[[ COLLECTED DATA, beginning ]]

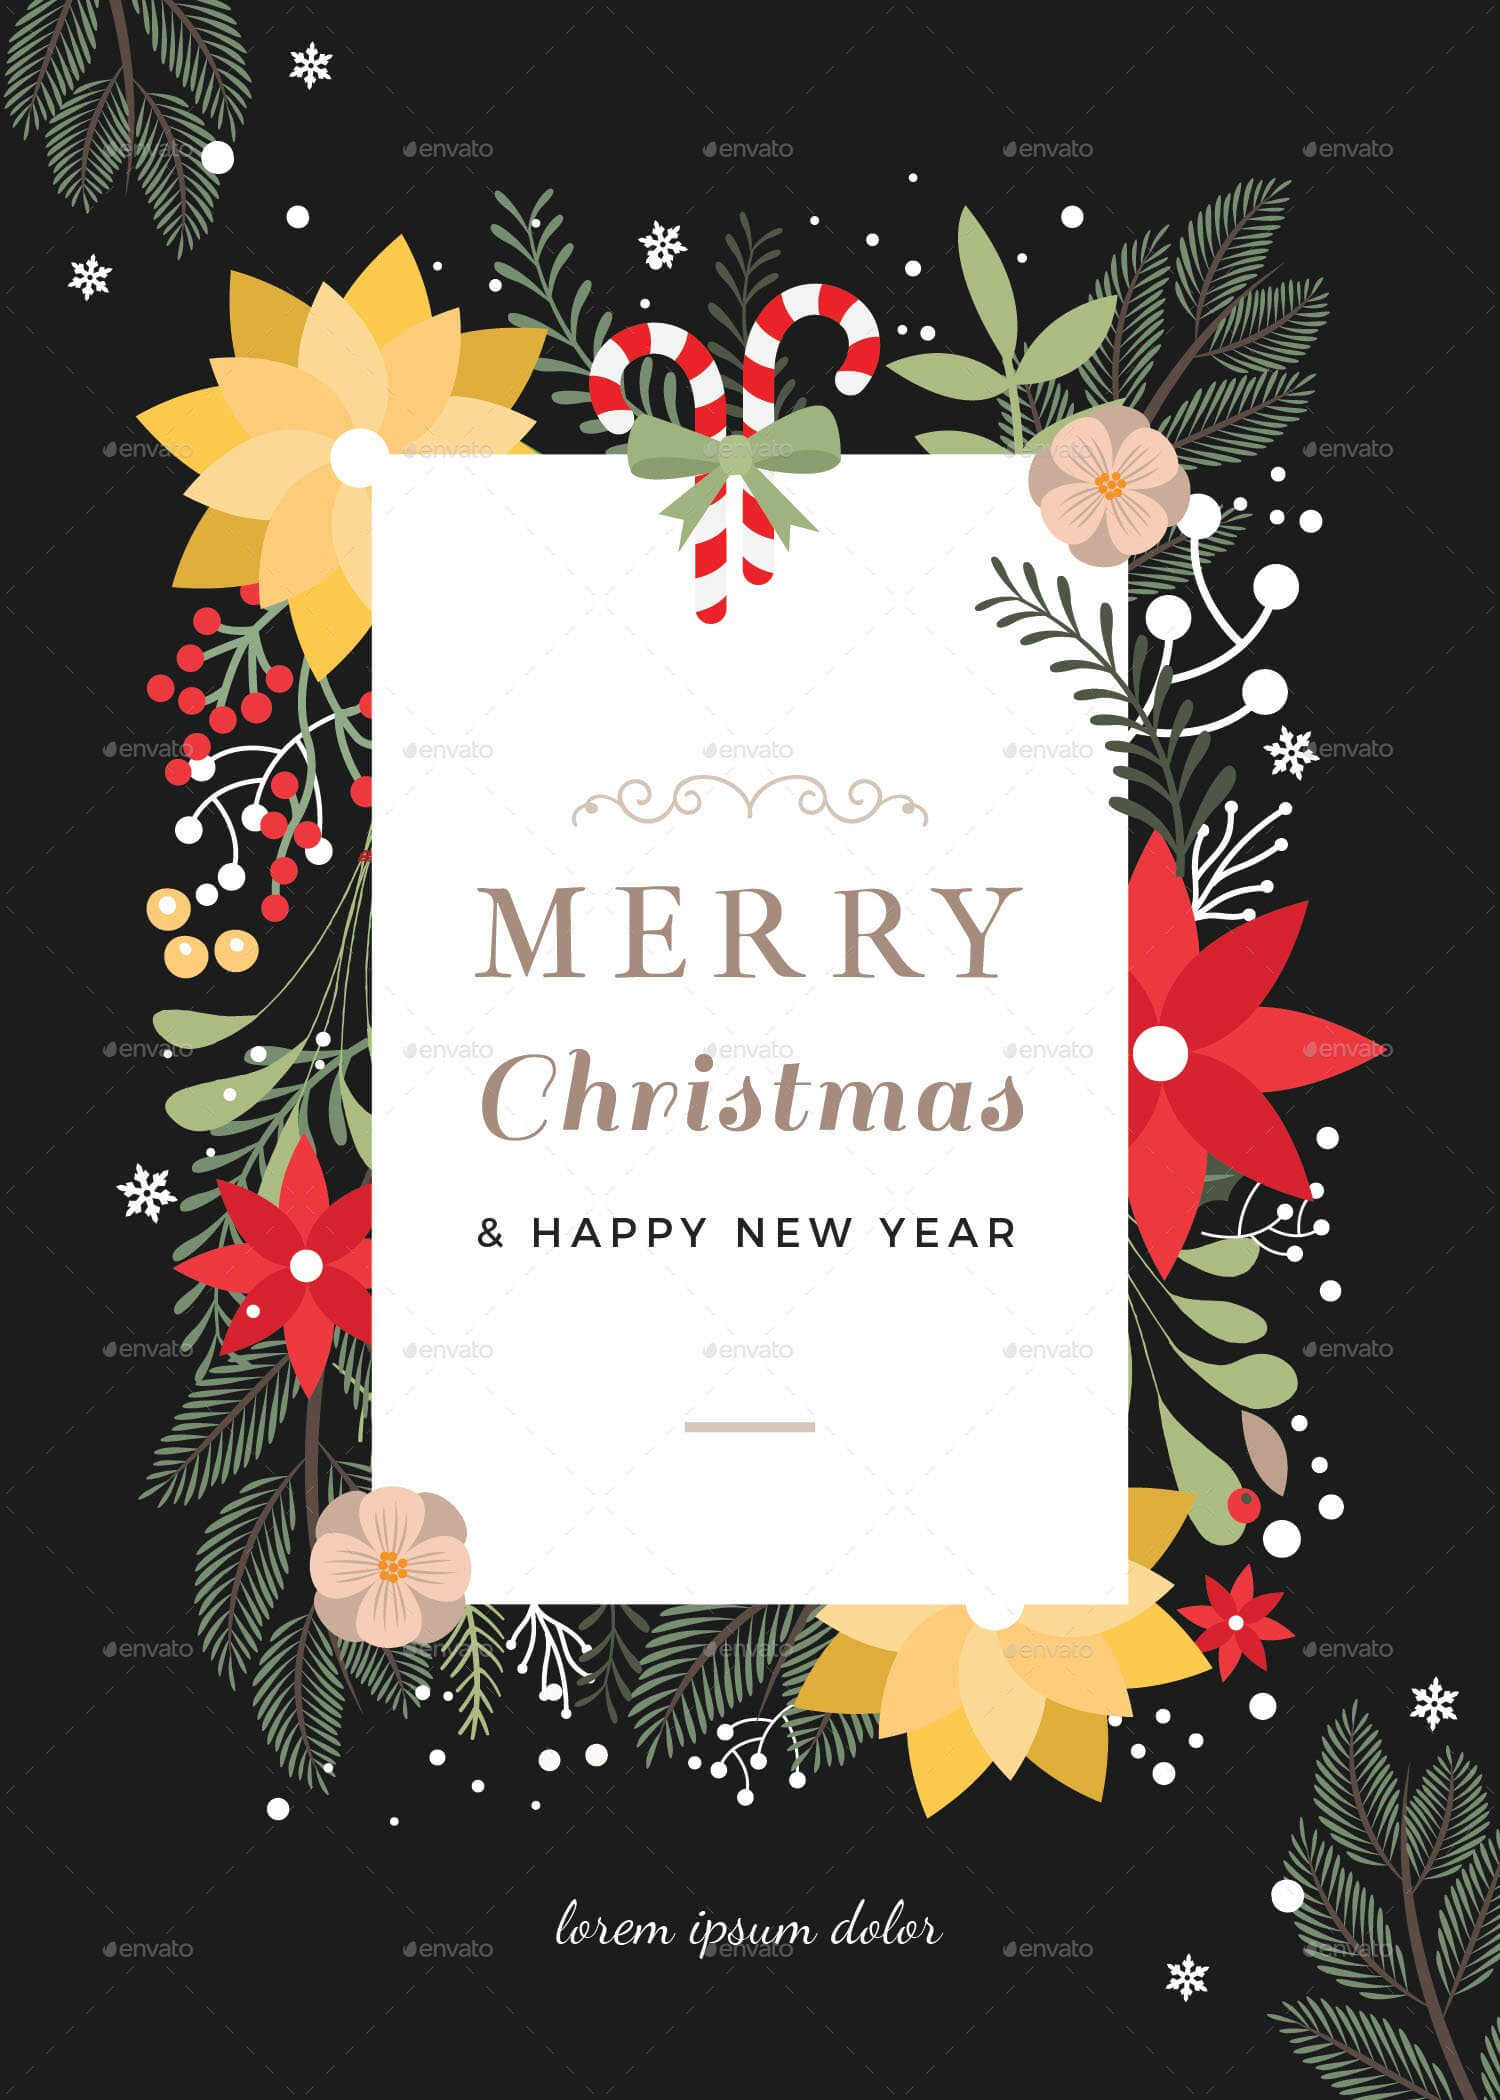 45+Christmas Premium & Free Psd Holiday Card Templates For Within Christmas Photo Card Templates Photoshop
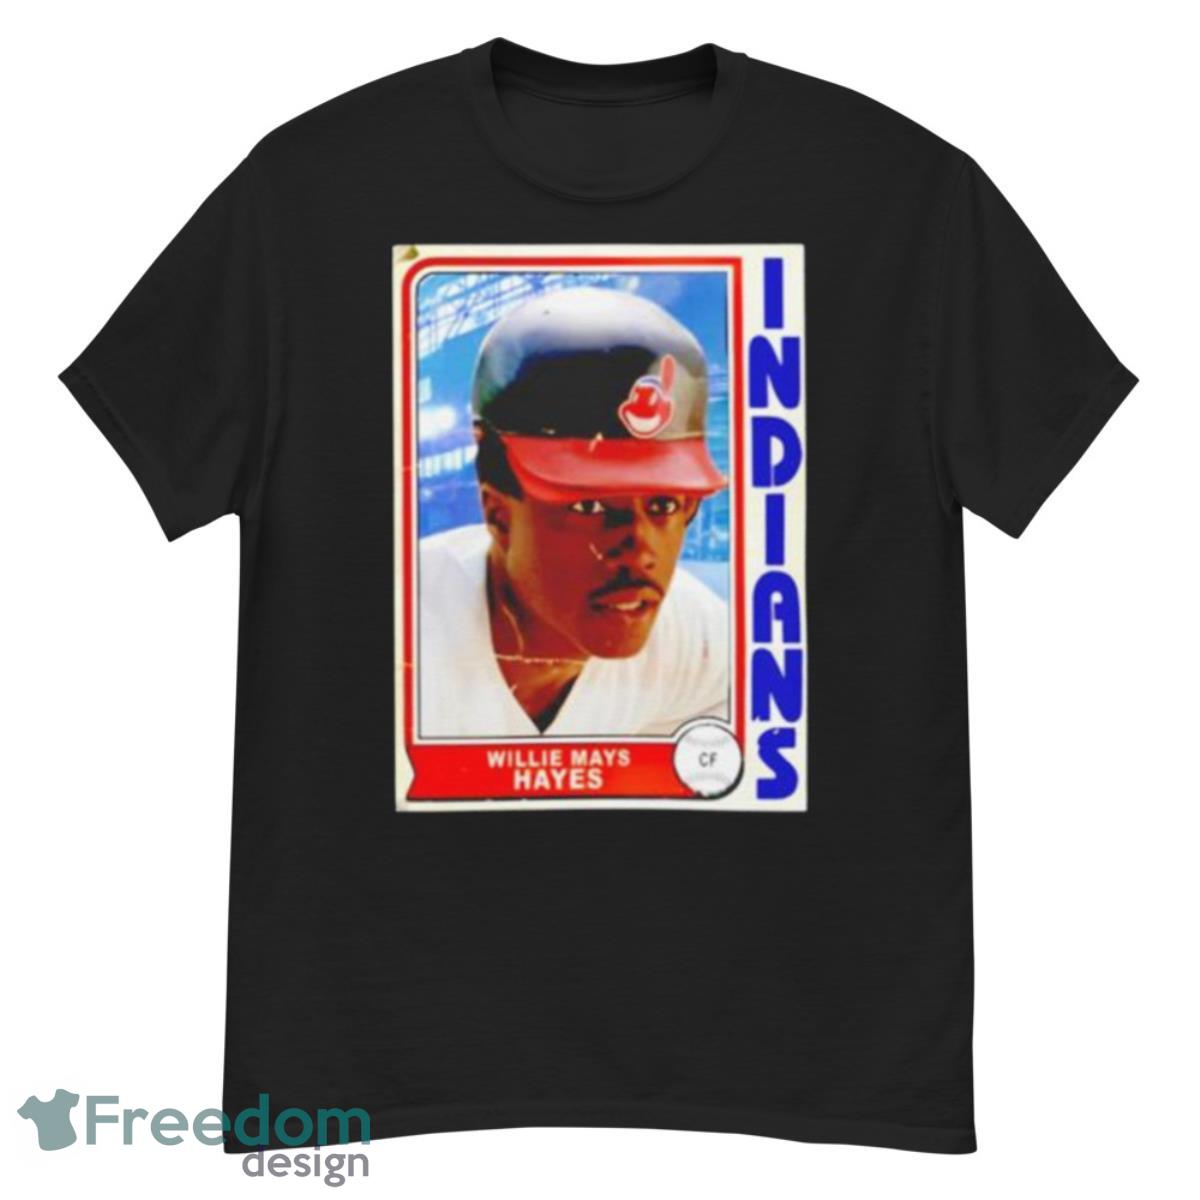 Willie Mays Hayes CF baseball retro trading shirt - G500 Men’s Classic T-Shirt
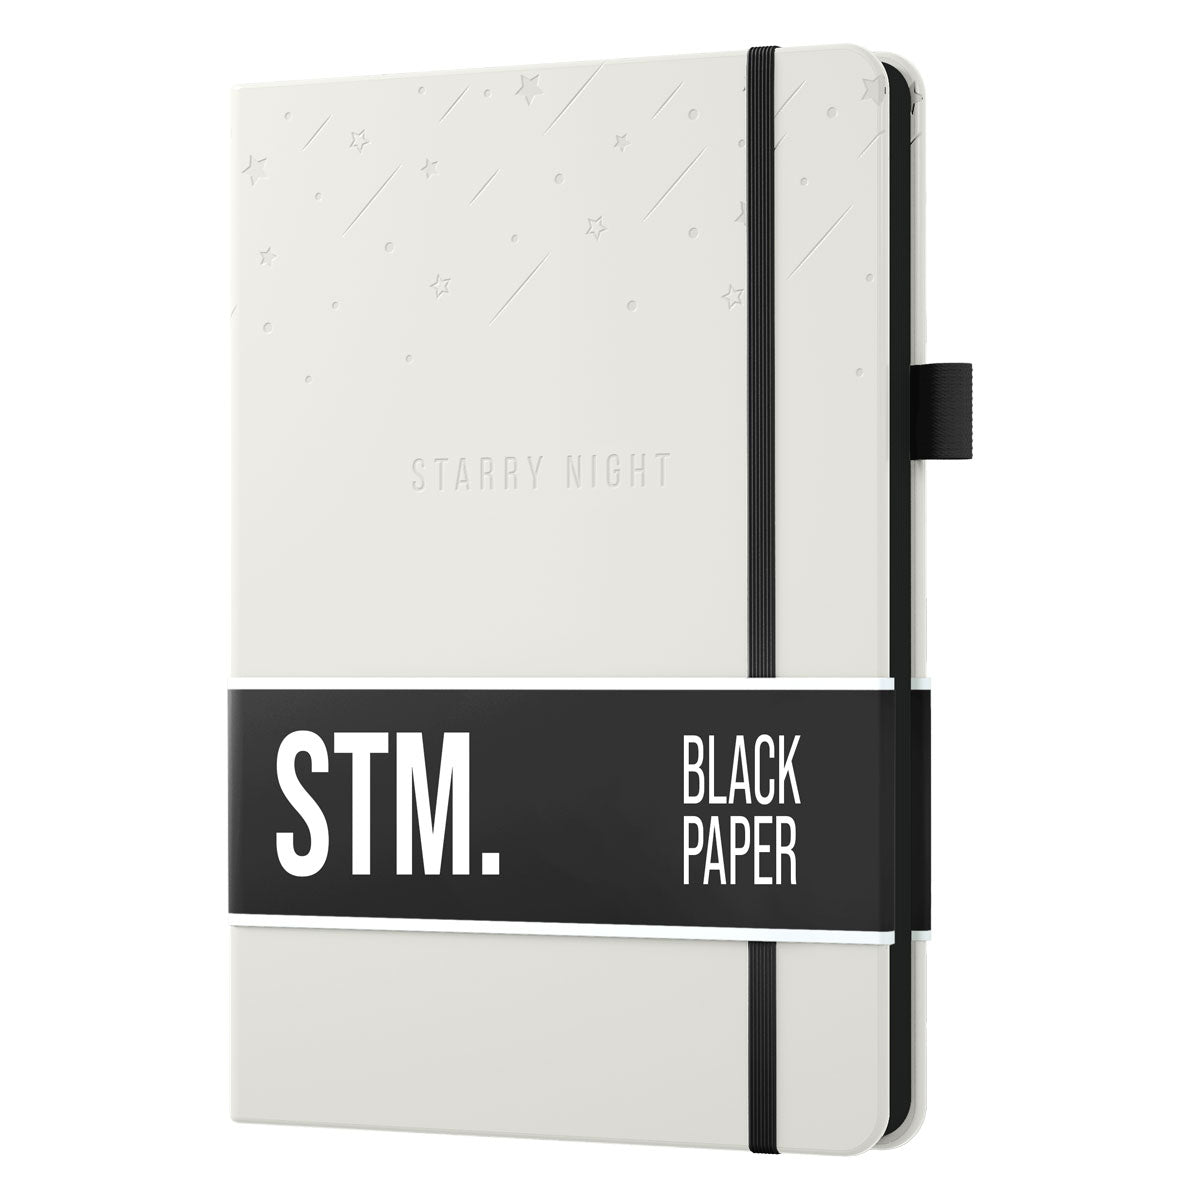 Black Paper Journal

[[ COLLECTED DATA, end ]]

ASSIGNMENT: Return the data above in its exact wording, with none of the pictures.

ANSWER FOR THIS EXERCISE:
 45+Christmas Premium & Free Psd Holiday Card Templates For Within Christmas Photo Card Templates Photoshop
 Willie Mays Hayes CF baseball retro trading shirt - G500 Men’s Classic T-Shirt
 Black Paper Journal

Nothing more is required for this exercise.